- Official poster
- Directed by: Tigran Keosayan
- Written by: Margarita Simonyan
- Produced by: David Keosayan Junona Glotova
- Starring: Aleksey Demidov Katerina Shpitsa Artyom Tkachenko
- Cinematography: Igor Klebanov
- Music by: Sergei Trofimov
- Production company: 8 Rows Film Studio
- Distributed by: Central Partnership
- Release date: 1 November 2018;
- Running time: 102 minutes
- Country: Russia
- Language: Russian

= The Crimean Bridge. Made with Love! =

The Crimean Bridge. Made with Love! (Крымский мост. Сделано с любовью!) is a 2018 Russian state-funded film directed by Tigran Keosayan.

== Plot ==
The Crimean Bridge is being built in Kerch, a city in eastern Crimea, during the summer. Two men at the construction site are pursuing an archeology student named Varya: Viktor, a PR man from Moscow who arrives in a white convertible with an American television crew, and Dima, a young and ambitious builder. Meanwhile, Bernard is trying to accomplish his dream of marrying an American and going to Hollywood.

==Cast==
- Aleksey Demidov as Dima
- Katerina Shpitsa as Varya
- Artyom Tkachenko as Viktor Felixovich Onegin, PR man
- Sergei Nikonenko as Talib Nazirovich, Crimean Tatar
- Yuri Stoyanov as boss
- Irina Rozanova as Lara
- Sergey Gazarov as Ashot
- Sofya Zayka as Marina
- Laura Keosayan as Nika, Bernard's ex-girlfriend
- Larisa Malevannaya as Raisa
- Aleksandr Dmitriev as Tikhon
- Alyona Khmelnitskaya as Tikhon's mother
- Aleksandr Ilyin Sr. as Mikhalych
- Dmitry Kartashov as Bernard
- Yelena Myravyova as Rachel
- Yegor Bakulin as Max
- Kristina Kucherenko as Aliya
- Valentin Samokhin as Oliver Stone

==Production==
Filming took place in the Kerch Strait and on the island of Tuzla on a construction site where the supports and metal spans of the Crimean bridge were being installed.
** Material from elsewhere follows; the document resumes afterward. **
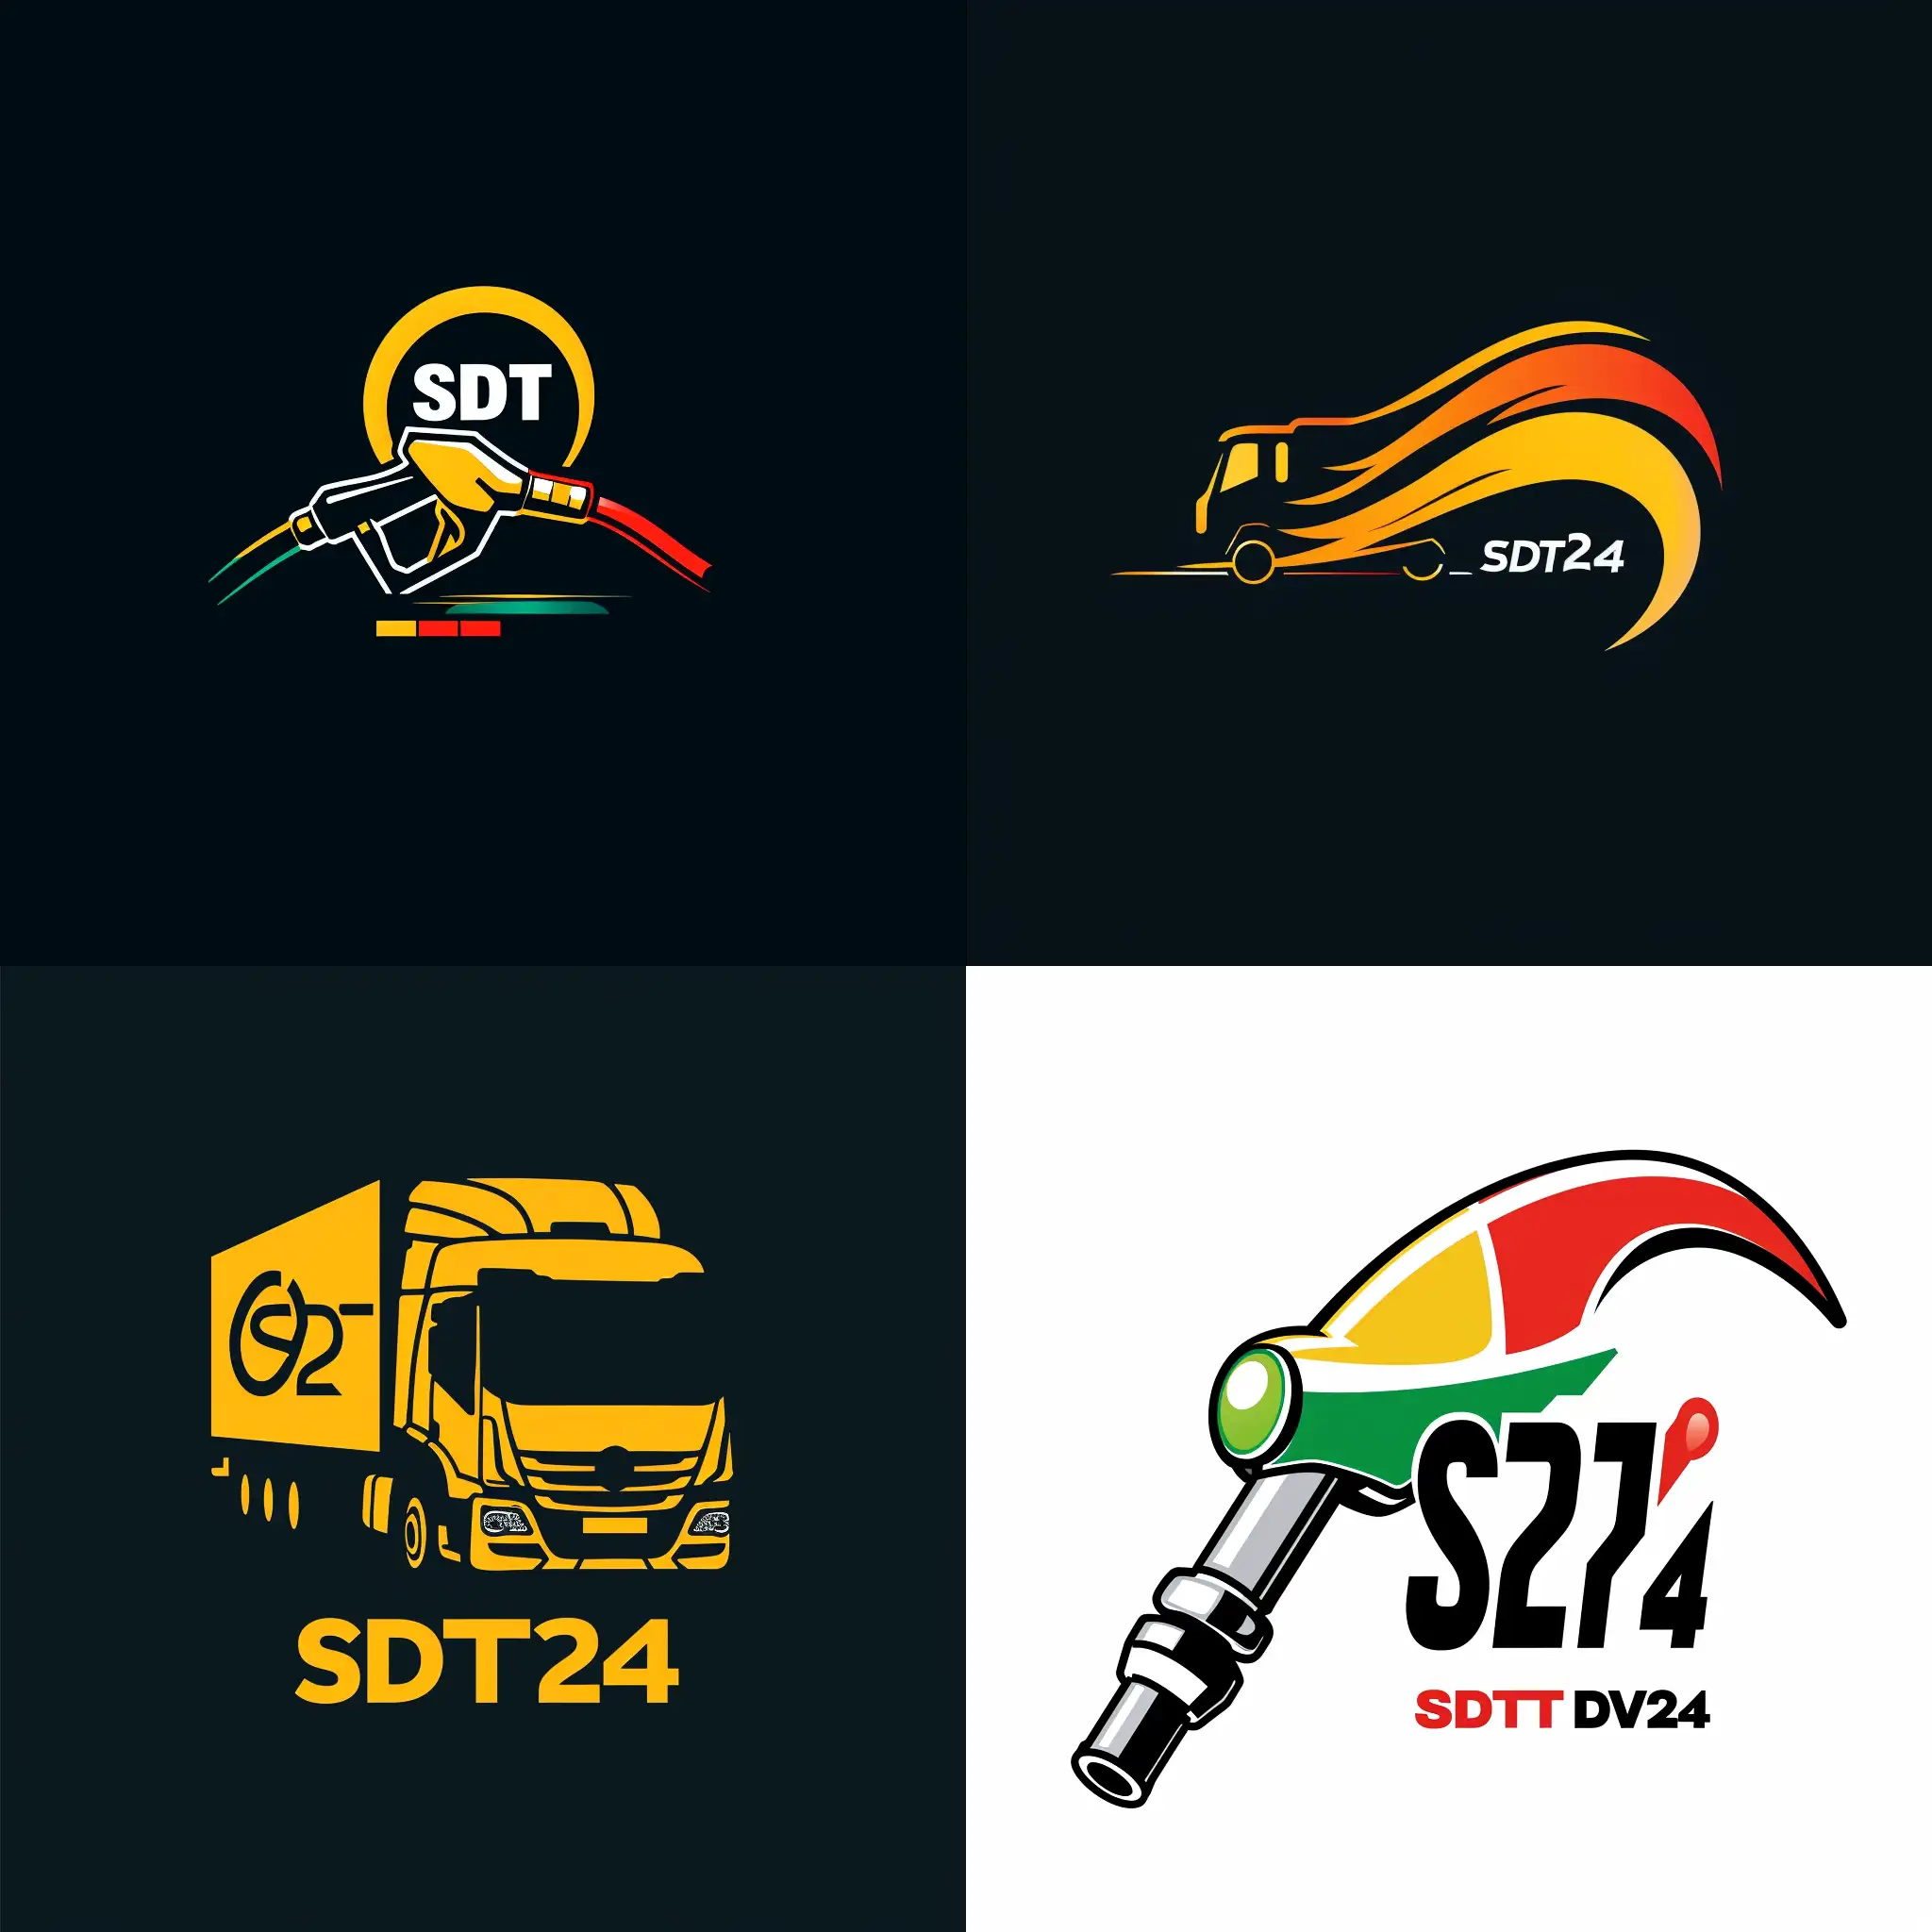 придумай логотип компании под названием SDT24, которая занимается доставкой топлива. логотип должен передавать смысл срочной доставки дизельного топлива, служба работае круглосуточно 24/7, и что доставка скоростная

Actors worked close to engineers, installers and welders. Some scenes were filmed alongside residents of the Crimea and the Kuban.

==Reception==
The film attracted scathing reviews, and is even the lowest-rated film on several film review aggregators. Russian opposition politician Alexei Navalny released a video in March 2020, alleging serious corruption during the production of the film, with at least 46 million rubles in state funds intended for film production being siphoned off to Simonyan's relatives. It flopped at the box office, recovering only 70 million rubles, less than half of its 154 million ruble budget.

Cinemas in Kazakhstan refused to screen this film, citing no interest from local movie-goers.